> _PROBLEM STATEMENT_: Keep the pictures out. Write out every line of the listing exactly.

> _SUPPLIED INFORMATION_:
+++
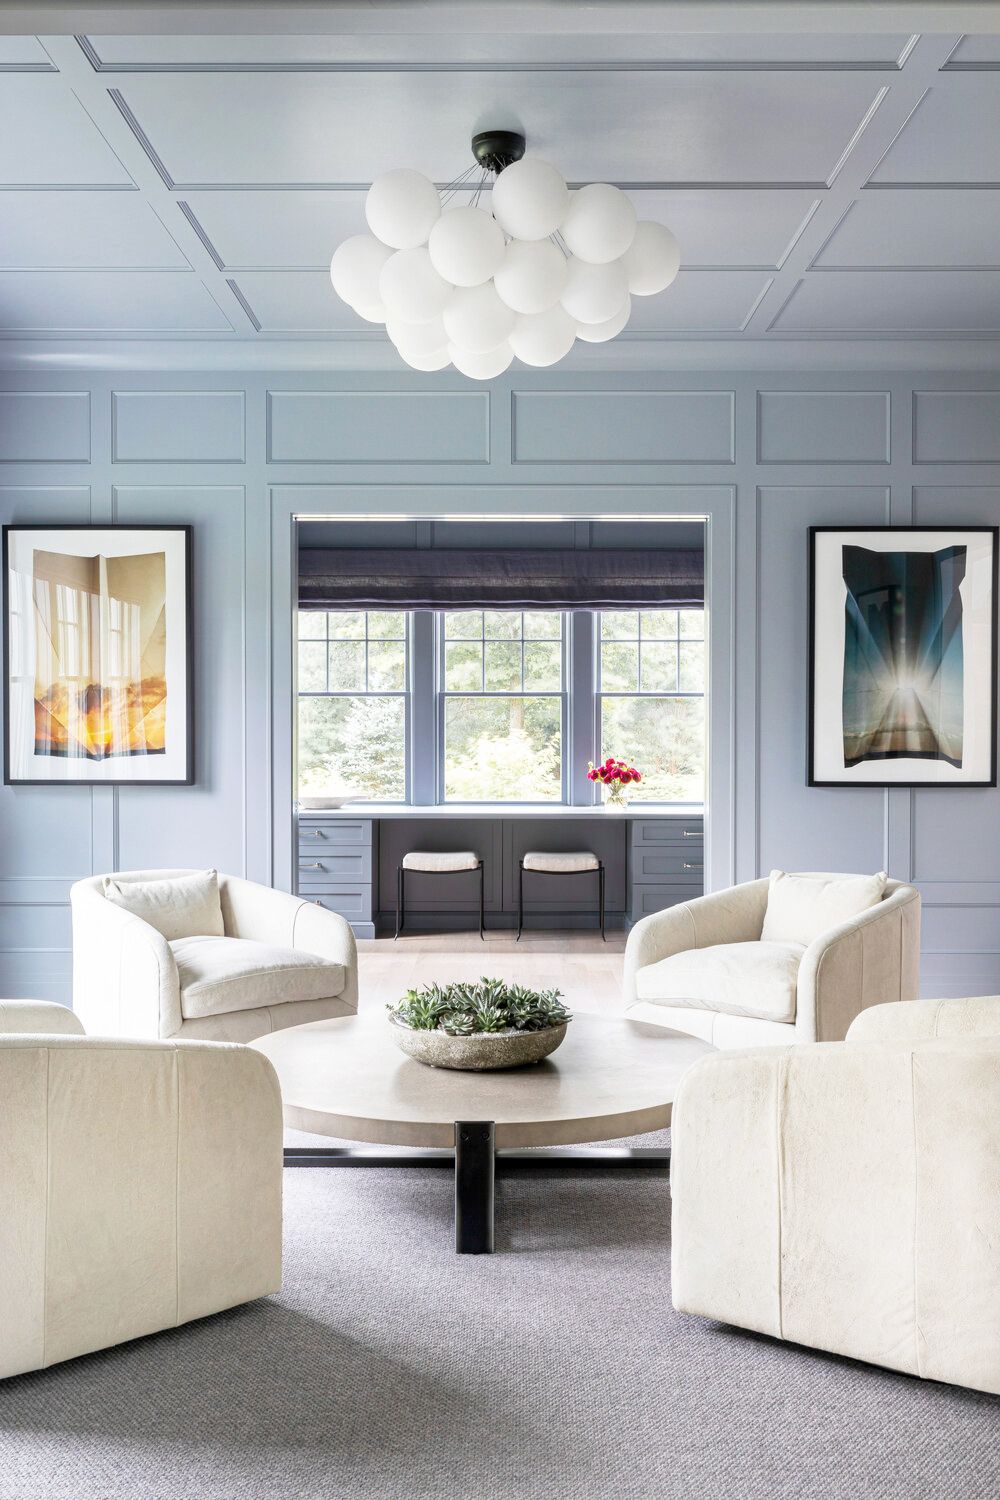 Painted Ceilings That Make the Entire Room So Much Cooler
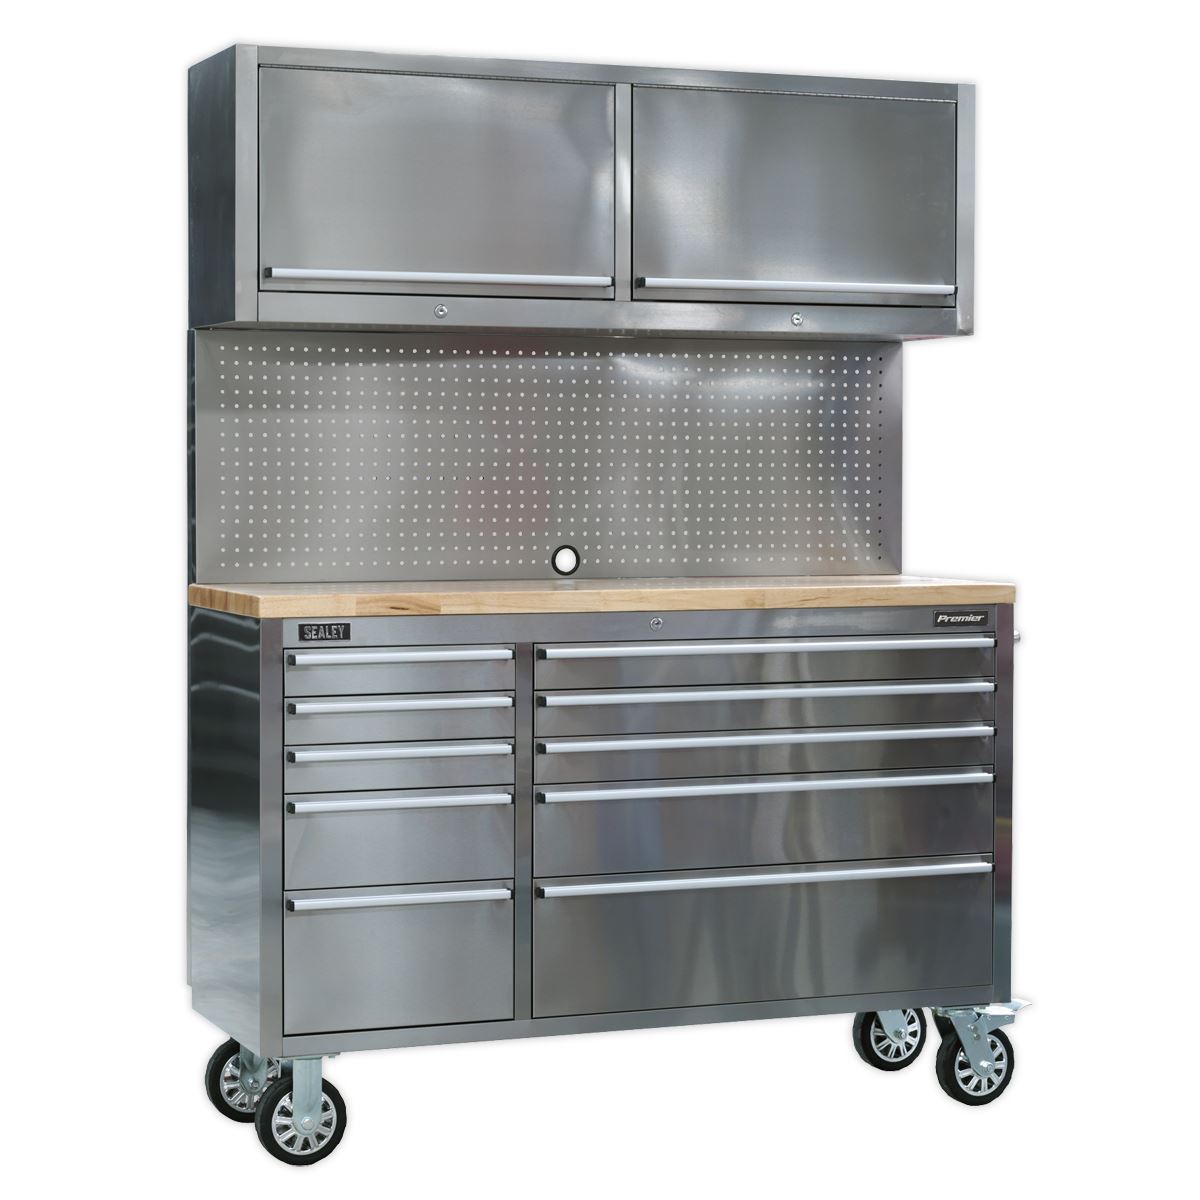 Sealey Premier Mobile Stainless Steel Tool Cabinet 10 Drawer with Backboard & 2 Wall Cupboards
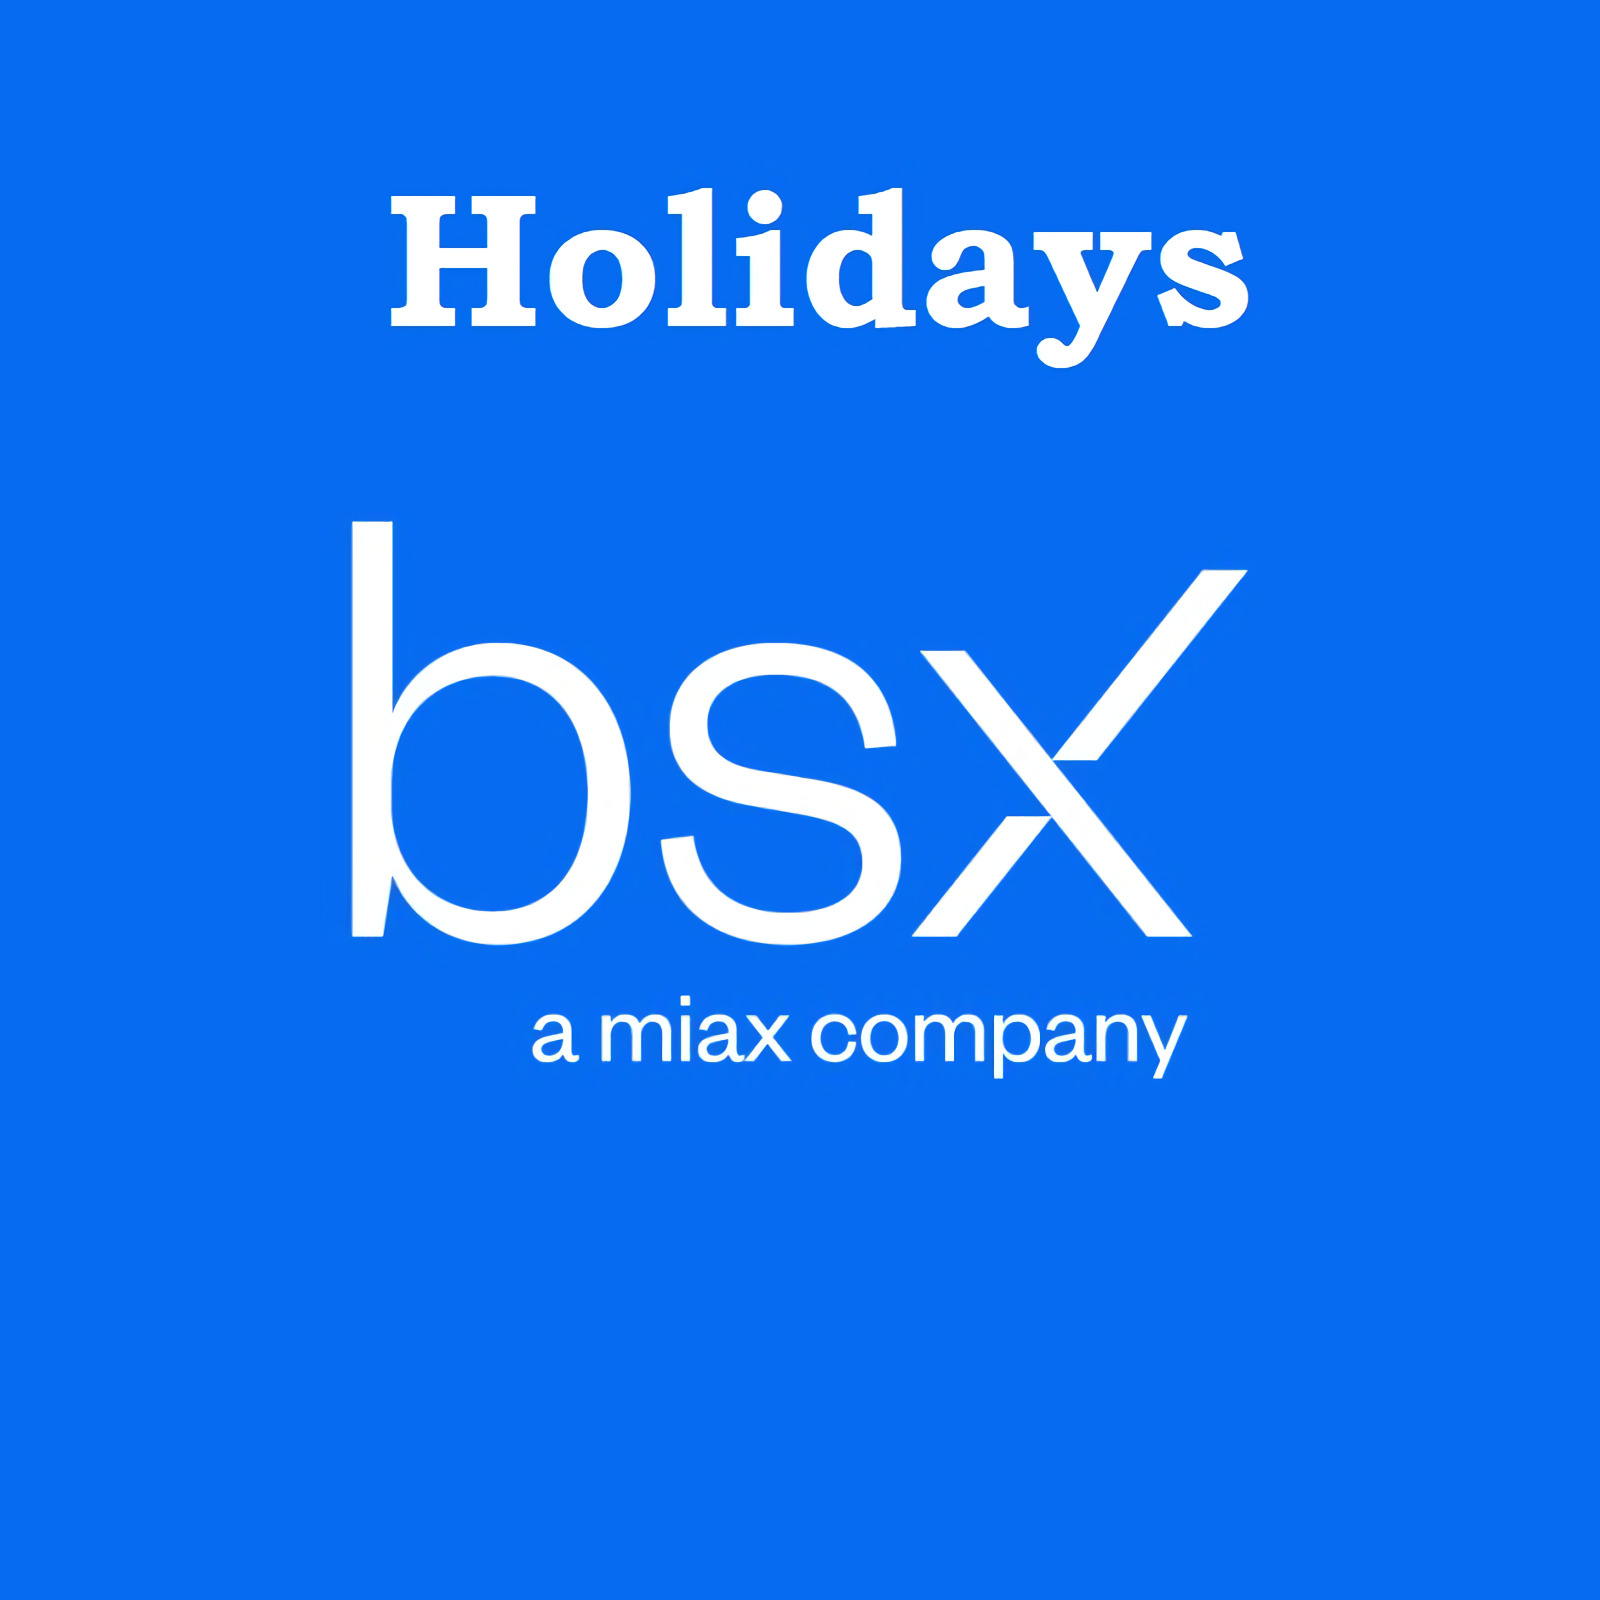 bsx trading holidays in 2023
+++
> _EXPECTED OUTPUT_:
 Painted Ceilings That Make the Entire Room So Much Cooler
 Sealey Premier Mobile Stainless Steel Tool Cabinet 10 Drawer with Backboard & 2 Wall Cupboards
 bsx trading holidays in 2023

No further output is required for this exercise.